**TASK BRIEF:**
Please write out all the data that follows exactly, without the pictures.

**SOURCE DATA:**
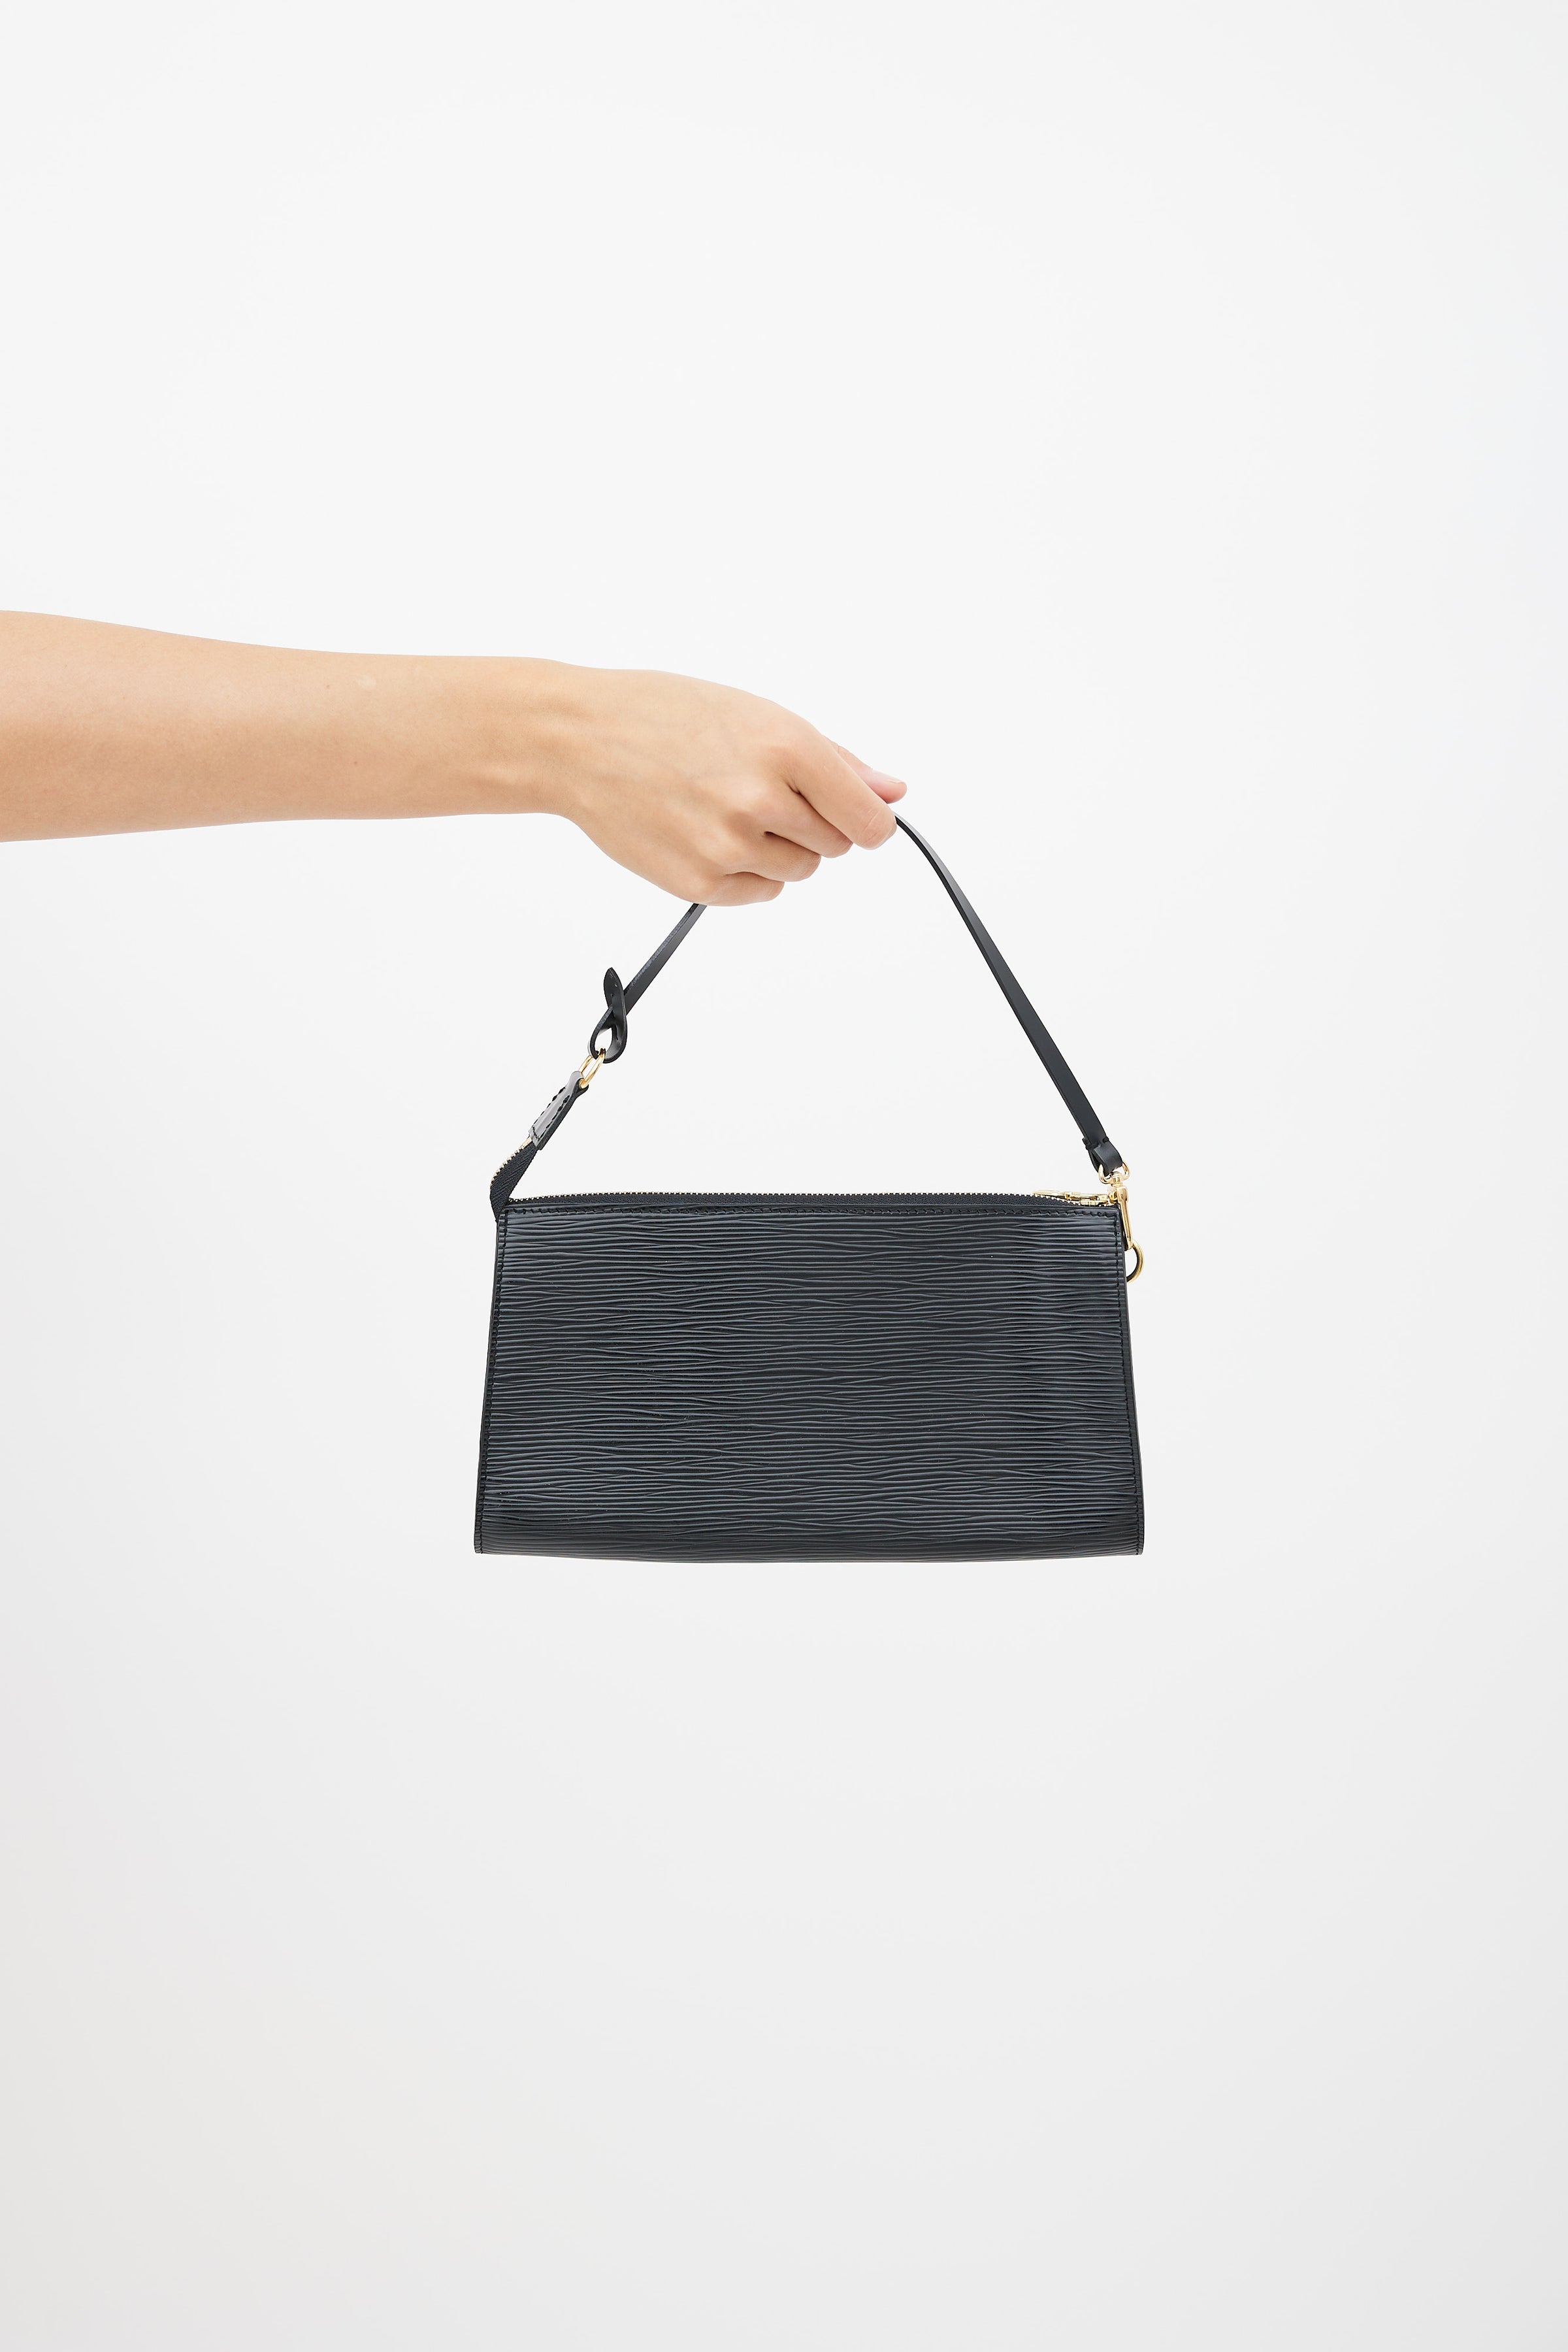 Louis Vuitton Black Epi Leather Pochette Accessoire Bag
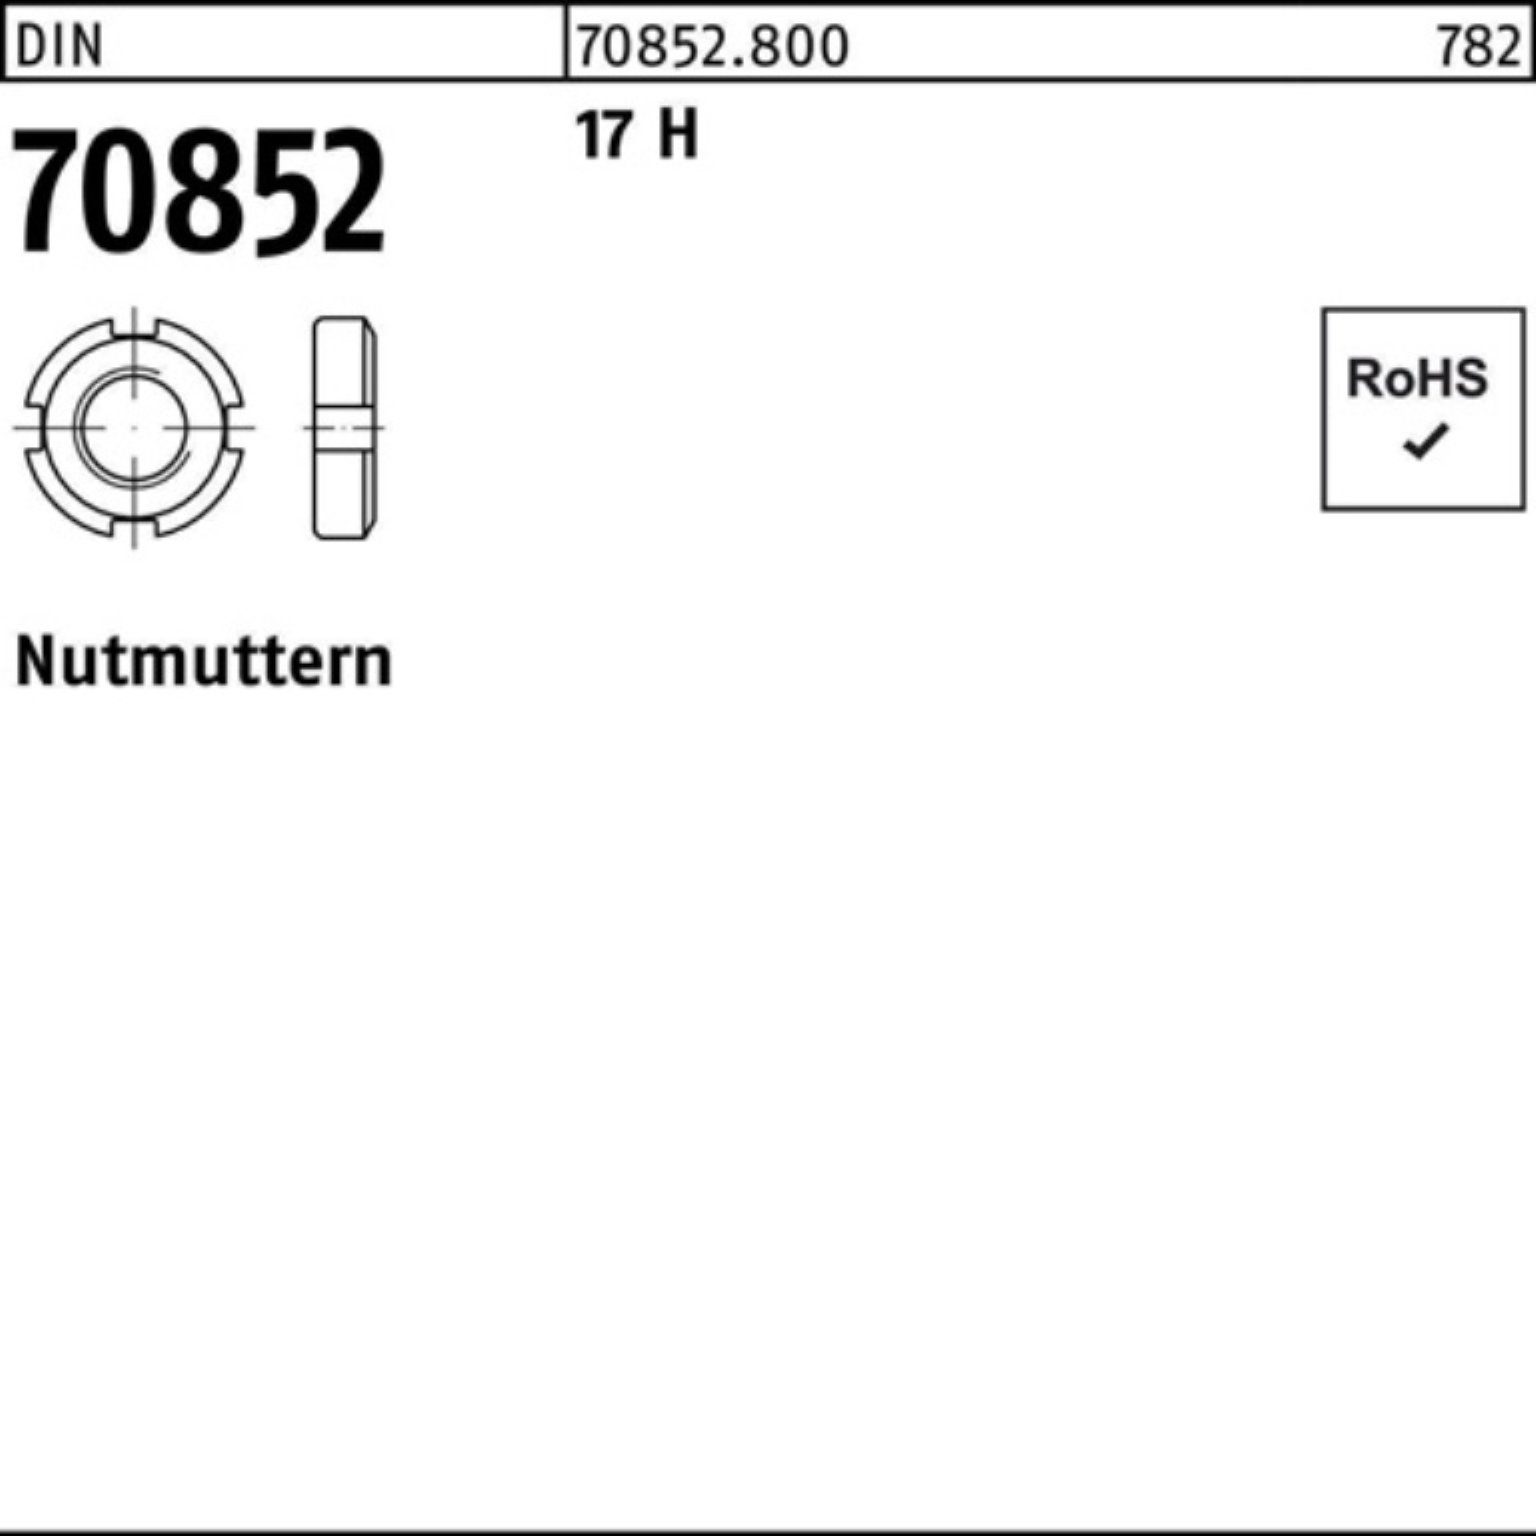 Reyher Nutmutter 100er Pack Nutmutter DIN 70852 M32x 1,5 17 H 1 Stück DIN 70852 17 H N
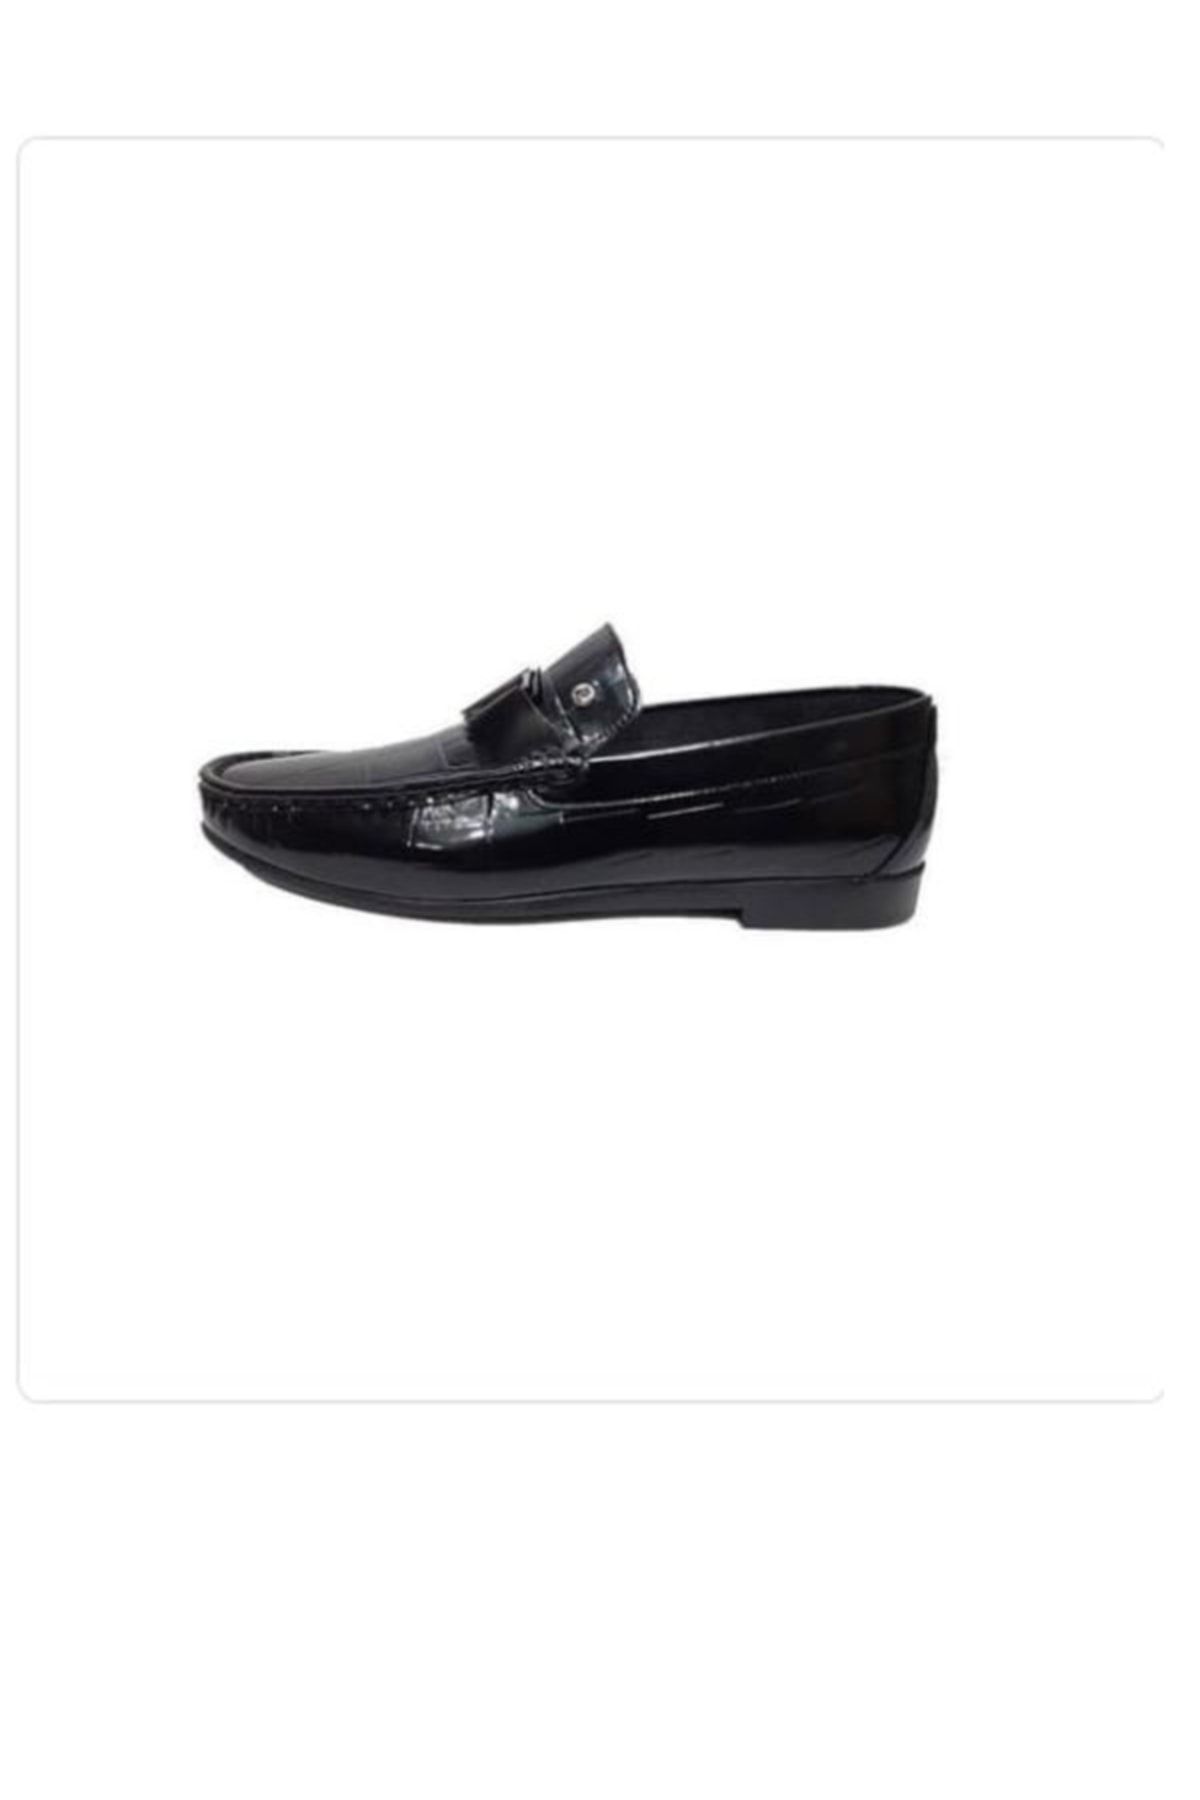 Pierre Cardin Erkek Ayakkabı

**TASK RESULT:**
 Louis Vuitton Black Epi Leather Pochette Accessoire Bag
 Reyher Nutmutter 100er Pack Nutmutter DIN 70852 M32x 1,5 17 H 1 Stück DIN 70852 17 H N
 Pierre Cardin Erkek Ayakkabı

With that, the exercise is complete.